Demand-side economies of scale arise when more people buying a product (say a VHS rather than Beta VCR) results in a growth of services that benefit the product owners (more films on tape in that format).

Economically it has the same consequence as the network effect with the telephone; the product is of more value to an individual consumer the more other consumers use it, but the cause is what happens in the related market.

I observed that the nature of industry is changing in a presentation to the ACCC Regulatory Conference way back in 2002. I noted ‘the nature of many of the industries of the information age represent a greater potential for economies of scale, be they demand or supply-side economies, and the greater potential therefore for near-natural monopolies to emerge.’

The ACCC really can’t wish competition into existence. The nature of 21st-century industry is that it will be concentrated and that markets will very rapidly tip into a monopoly.

A corollary of this observation is that regulators may need better powers to develop access regimes so that other technology providers can innovate over the top of the existing dominant firms. The proposal to restrict the monopoly the two app stores exercise over app payments is an example of this kind of access.

Another example would be the equivalent of any-to-any connectivity to mandate ‘interconnection’ of messaging platforms (For example a Twitter DM (direct message) addressed to a LinkedIn address).

As we have seen above, sustaining innovations are more likely to be made by large incumbent firms. When one firm thinks it can gain a greater share of the industry mark-up by enhancing its products or reducing its costs, the incentive to innovate is strong.

Disruptive innovations are more likely to come from small firms and new entrants of various kinds. These innovators face one of three potential futures in a world of scale economies on both the demand and supply side; dominance, cash out or get out.

The first case is that their innovation is sufficiently novel that they can develop into a dominant firm in their sector. Despite the dominance of some platforms, new platform sectors continue to emerge, such as AfterPay and Canva.

The second is that they are acquired by one of the large platforms, and their offering is integrated with the larger platform.

Sticking with Australian developments, Where 2 Technologies and the tiling technology developed by the Rasmussen brothers is core to Google Maps.

But the Google Maps product required other acquisitions, most notably geospatial data visualisation technology from Keyhole (from which came the Keyhole Markup Language or KML).

The third is that they never achieve scale and either drift with a small market share, substantially reducing industry concentration, or collapse. One of my favourite merger cases was the ACCC action not to oppose the acquisition of Australis Media by Foxtel.

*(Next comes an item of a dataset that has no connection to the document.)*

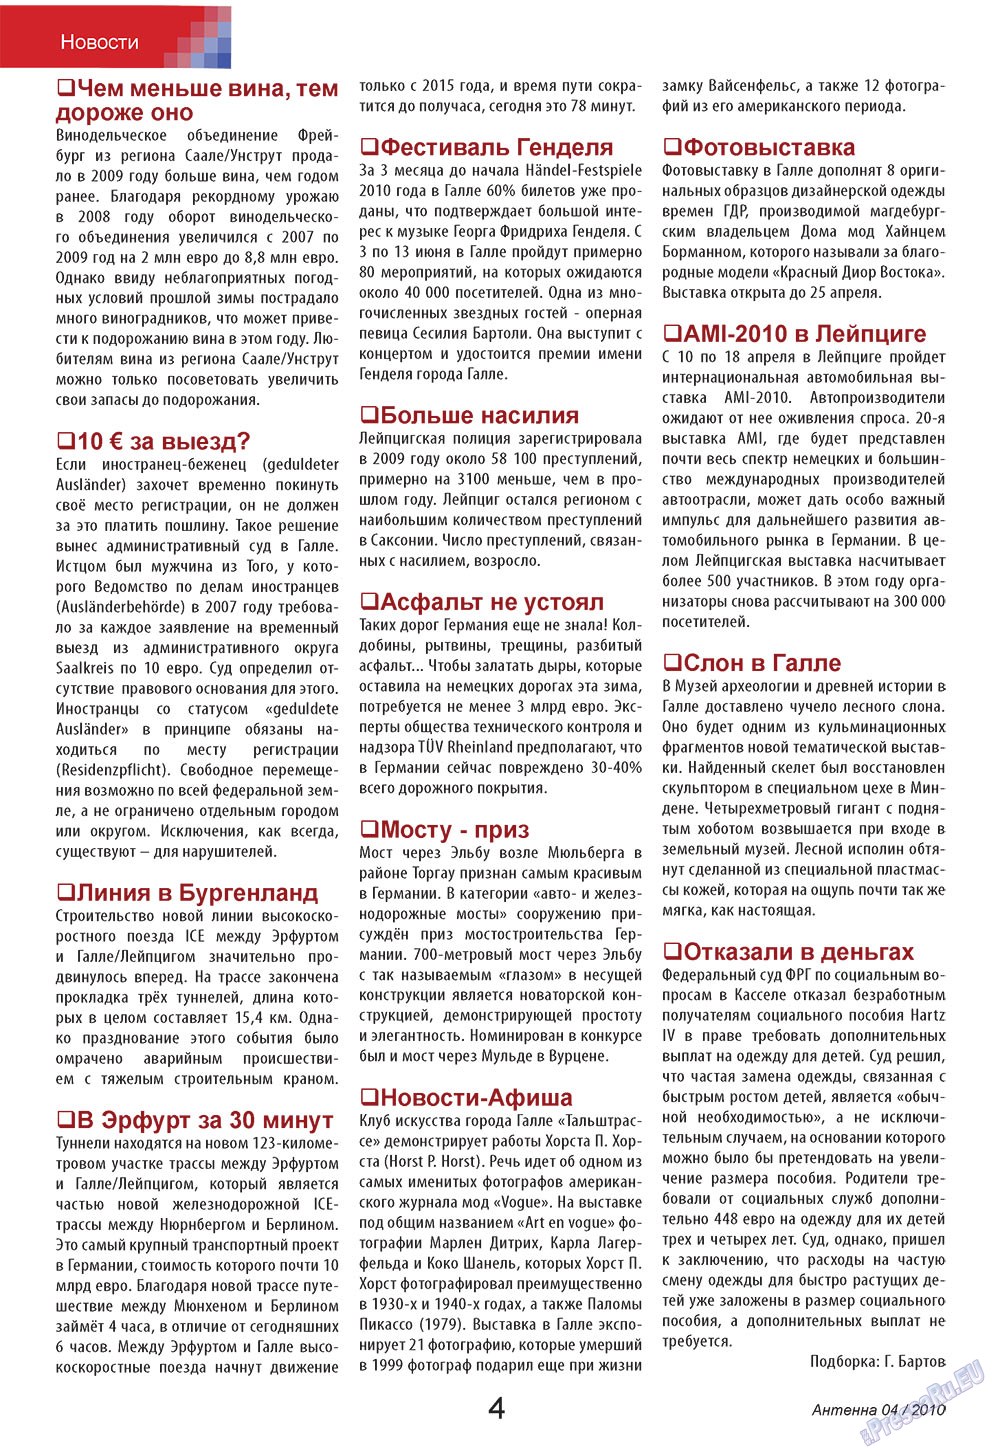 Антенна, журнал. 2010 №4 стр.4

The ACCC thought a sustainable competitive local call market could arise. As the calling competitor was Optus Vision, the ACCC commenced proceedings in the Federal Court to stop Foxtel’s proposal to acquire Australis because of its impact on OptusVision and hence local calls.

The response was worked out at a meeting at Malcolm Turnbull’s home that (from memory) included at least Turnbull, Lachlan Murdoch, Austar chair Don Hagans, and XYZ chief executive Patrick Delany together with a smattering of lawyers and your humble correspondent.

The conclusion was that it was better to let Australis fail and the various assets to be bought piecewise rather than defending or modifying the merger proposal. Less than a month after the ACCC’s action, Australis announced it was insolvent and would be in liquidation within weeks.

If over-zealous merger and acquisition laws close down or restrict the second pathway for innovators, the incentive to innovation is dramatically reduced. Thus, the thesis that less concentrated markets and more restrictive merger and acquisition laws would promote a more innovative economy is simply false.

David Havyatt is a former adviser to Federal ministers and a longtime observer of Australian innovation policy.